# Favorite Tarmac of all time



## pvflyer (Oct 15, 2009)

Lets have a poll . Which is your favorite TARMAC of all time? 

My, favorite one and the one I would really like to have is the 2009 SL-2 SAXO BANK, but I'd like the Bettini's version too not as much as the SAXO though.


----------



## j-man (Sep 3, 2009)

*sl3 super light*

i pretty much have my favorite tarmac ( tarmac sl3 my avatar) but i would like mine to look like this:thumbsup:


----------



## mjdwyer23 (Mar 18, 2009)

I like mine! 

This one is hawt too:


----------



## nocondorfx (Oct 22, 2005)




----------



## Tinea Pedis (Aug 14, 2009)

The Saxo Bank certainly is VERY nice.

I'd love an Astana one, funnily enough...
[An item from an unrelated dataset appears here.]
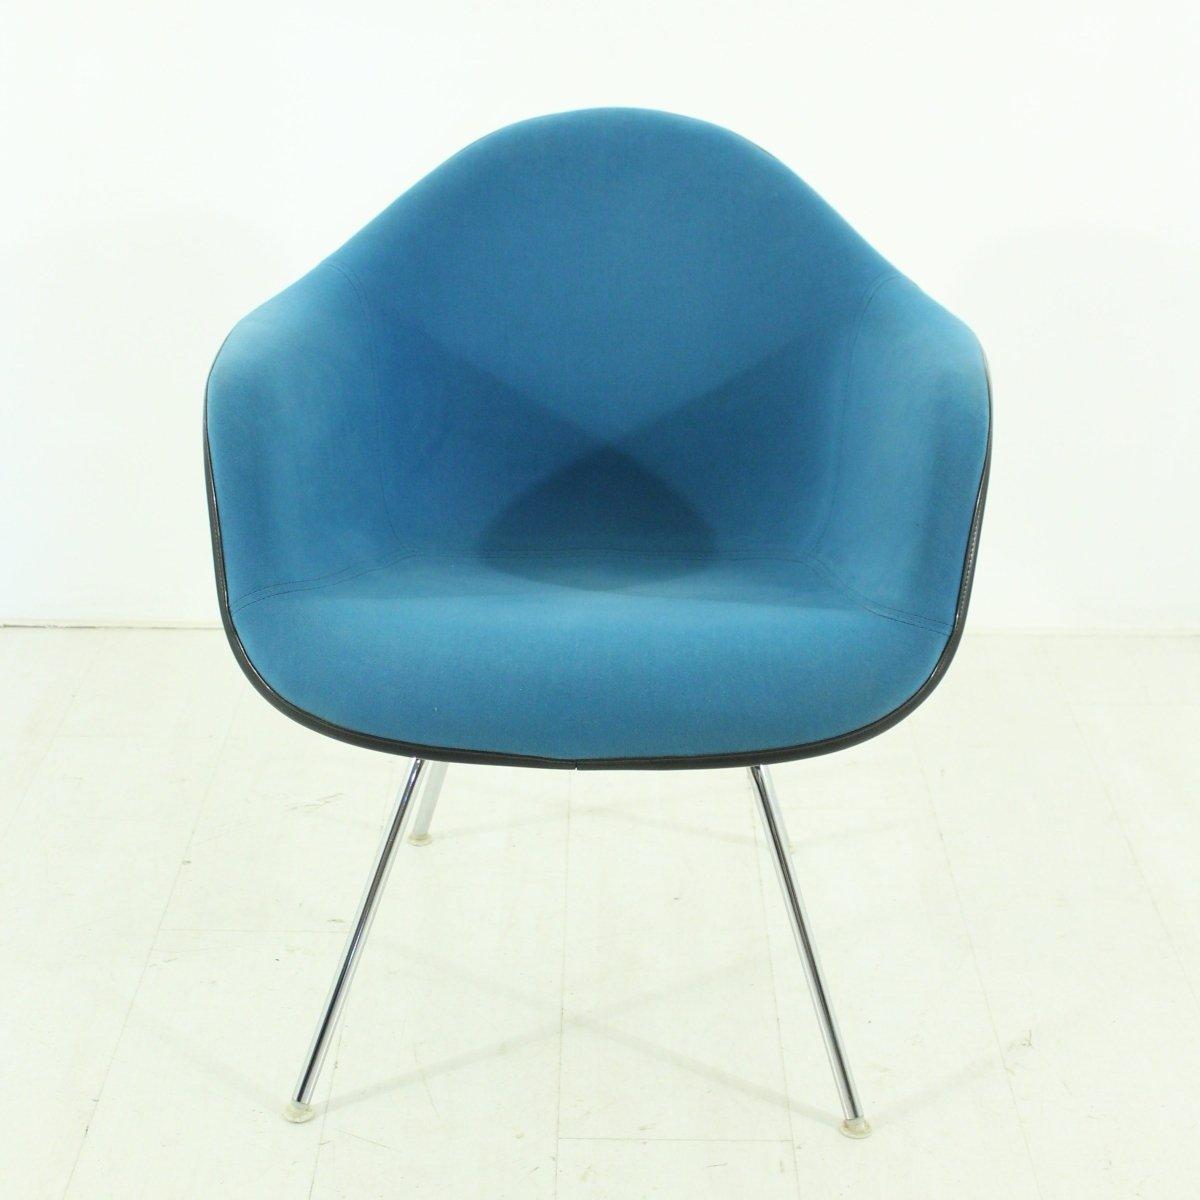 Chaise vintage bleue par charles ray eames pour vitra en for Chaise vitra eames prix

Oh and Fabu's maillot jaune Tarmac was ace too!


----------



## biobanker (Jun 11, 2009)

Cancellera stole my bike!!


----------



## PaulRivers (Sep 11, 2006)

The 2008 Specialized Tarmac Elite had one of my favorite paint jobs -


















I've seen better pictures of it, but couldn't find them offhand.

I didn't buy it because I preferred the ride of higher end models...but it sure was pretty. 

Incidentally, the next model up (the Expert) was one of my least favorite color schemes. This photo doesn't quite do it justice to what I saw in person -









So much red, white, and blue...felt like I would need cape and shield every time I rode it around, lol. Yes, yes, it's a bit of an exaggeration, but when a bike costs $3k you start to become a little oversensitive to how it looks.


----------